Of course, more or fewer interest-level ranges may be used, either as a fixed

configuration or as a variable configuration that is set according to, e.g., user input and/or operating conditions. For example, the processing circuit 32 may evaluate the quality, quantity, and/or variety of the data comprising the physiological data 14 associated with given video data 12. As a non-limiting example, the processing circuit 32 may use a larger set of quantified interest levels when it has physiological data 14 corresponding to two or more types— such as when it has EEG data 98 and pupil data 82 or skin response data 118. Additionally, or alternatively, it may evaluate the physiological data 14 for quality, e.g., such as by assessing the degree of correlation when comparing the physiological data 14, or parameters derived therefrom, with the stored characteristics 46.

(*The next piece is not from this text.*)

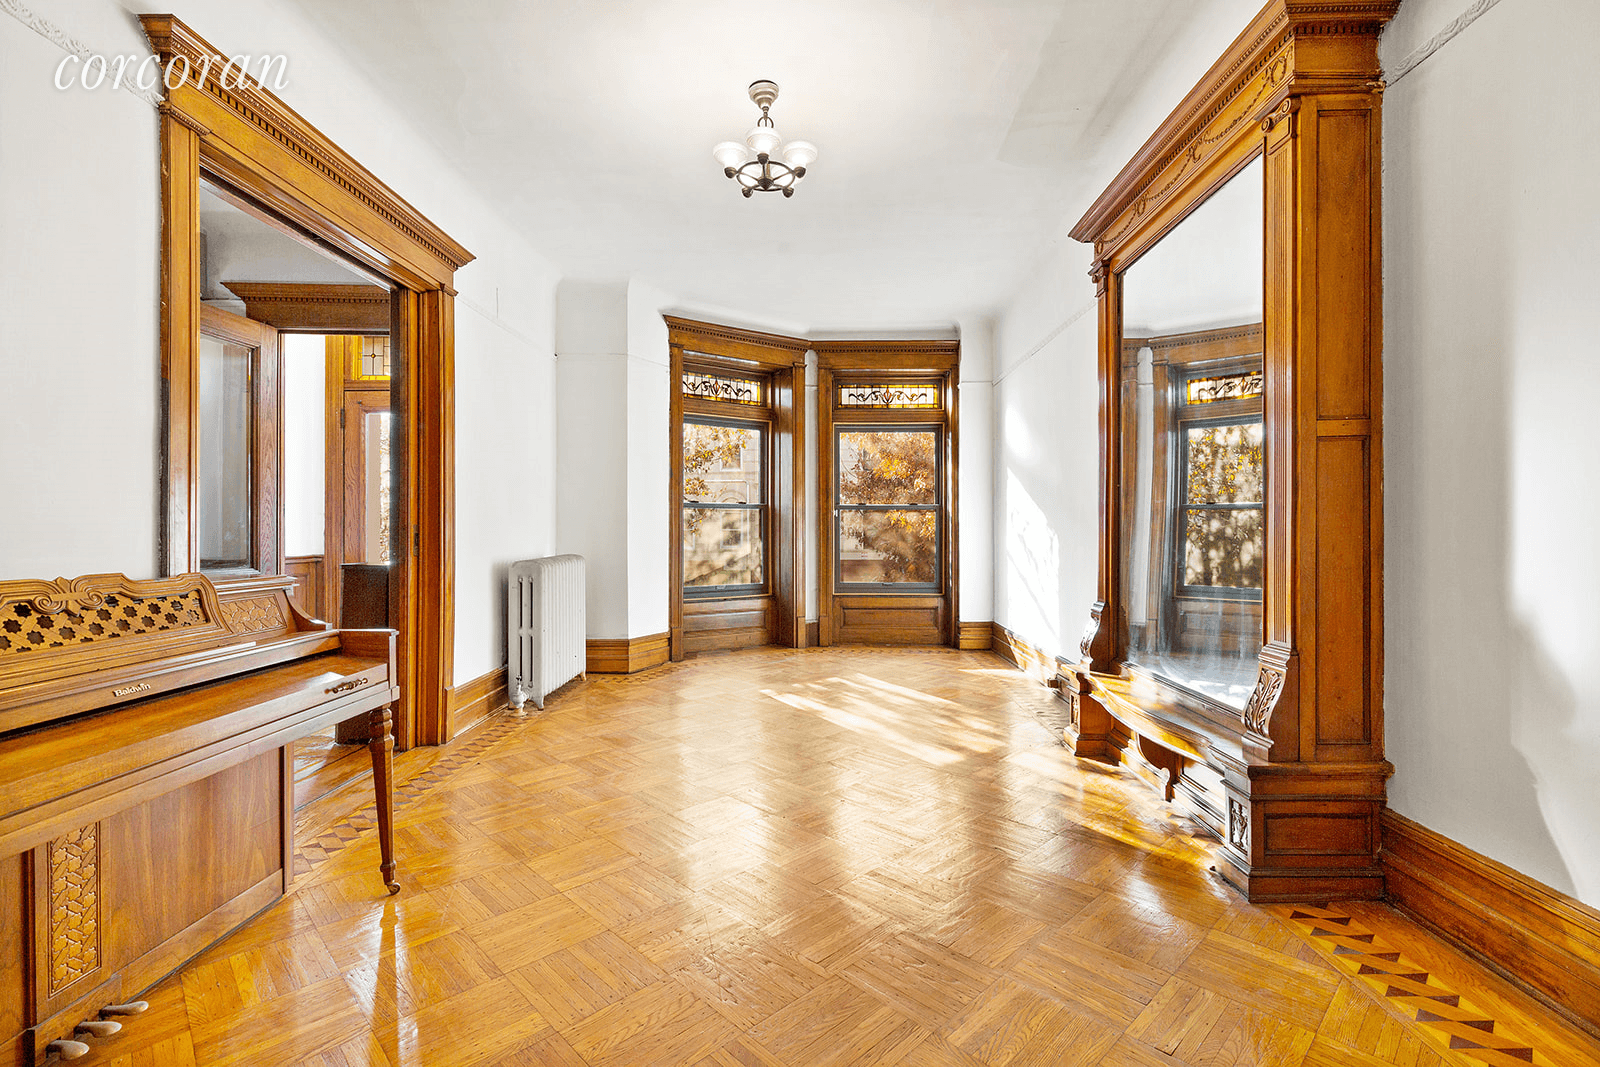 Welcome to 21 Hawthorne Street, a massive two family limestone perfectly located in prime Prospect Lefferts Gardens a few blocks from Prospect Park.

Still further, the quantization resolution used for determining interest levels, and the number of recognized interest level ranges used for controlling the video operation in question may also be varied in dependence on the richness or quality of the calibration performed by the user. For example, the apparatus 10 may be configured such that a basic or quick calibration process is offered as an initial mechanism for generating the stored characteristics 46, but also may offer a longer, more complex calibration routine that allows the apparatus 10 to discern interest levels with greater resolution and/or accuracy.

In any case, as regards to de-emphasis as one example of controlling a video operation,

"de-emphasizing" comprises, for example, any one or more of reducing the video quality, applying a higher level of video compression, reducing the image size or image resolution, applying a more aggressive time-lapse processing, reducing or eliminating video layers, at least in video data 12 that uses layers. Conversely, "emphasizing" comprises, for example, applying highlighting or other overlay data, decreasing the level of video compression, increasing an image size, saving or retaining a greater number of video layers, etc. Emphasizing and de- emphasizing also may comprise or include changing the image focus, image centering, etc.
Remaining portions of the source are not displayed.